Siebel would have long gone, but Oracle has saved it. Previously major implementations of Siebel were in US and Europe, now it has gained market in Asia and Middle East, due to strong presence of Oracle.
I’ve found an organisation called Servage who apparently have a groundbreaking service. It’s always hard to tell whether something is going to take off, especially with so much hype but the landing page looks cool! http://www.servage.com/. Have checked out their Twitter page (twitter.com/totalcloud)but seems they are waiting for the launch before tweeting their own news…..
I have a requirement please suggest CRM and expected cost.
1. Telecommunication implementation which has 30+ million active subscribers.
2. Offers Mobile (Primary) + Landline, GPRS, GSM, Broadband and other.
3. Every Technical Element in Physical network is managed by Order Management in CRM.

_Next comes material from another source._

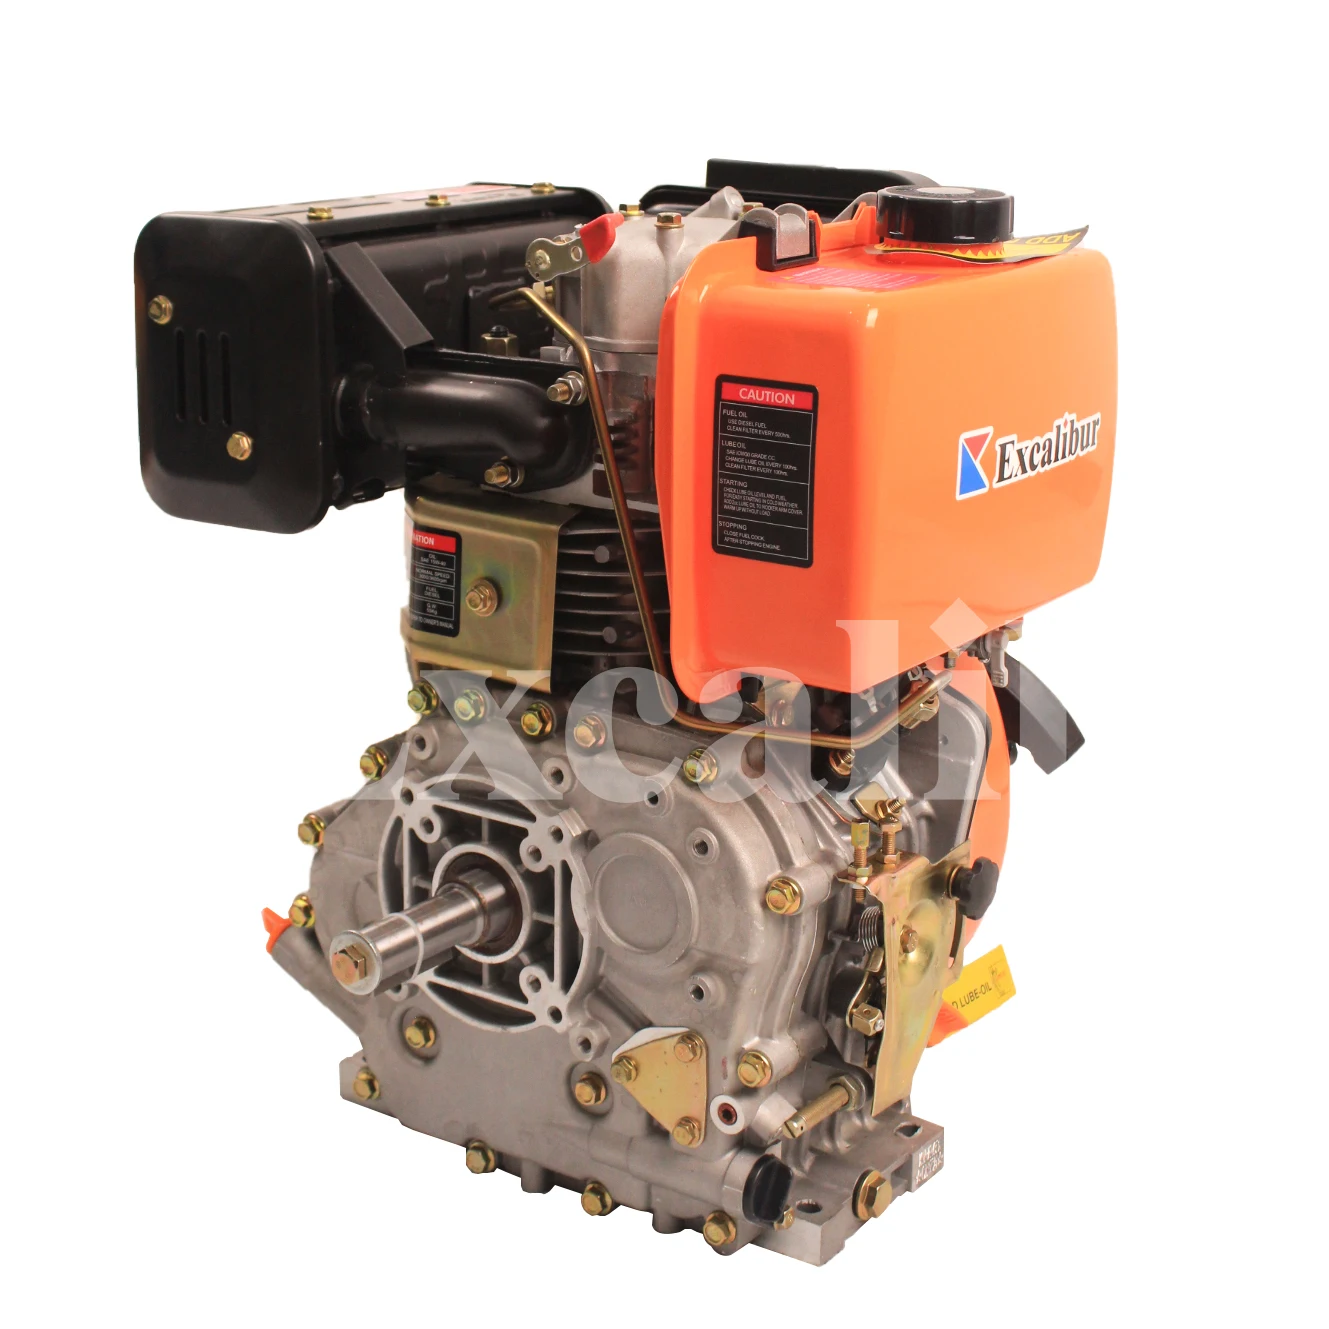 
Excalibur small generator concrete mixer water pump marine air cooled 16hp 12hp 10hp 5hp diesel engine sales price

4. Billing System is integrated with CRM in Real time.
5. Product Catalogue managed in CRM has 1000+ product combinations possible.
6. 75 k expected daily Orders
7. 1500 Customer care users with CTI integrated CRM at any instant of the day
8. CRM Database space is 8 Tera
9. Sales + Service + Marketing and Business Analytics working on same data. Data warehouse also contains network usage data (SMS/users, Calls in particular night)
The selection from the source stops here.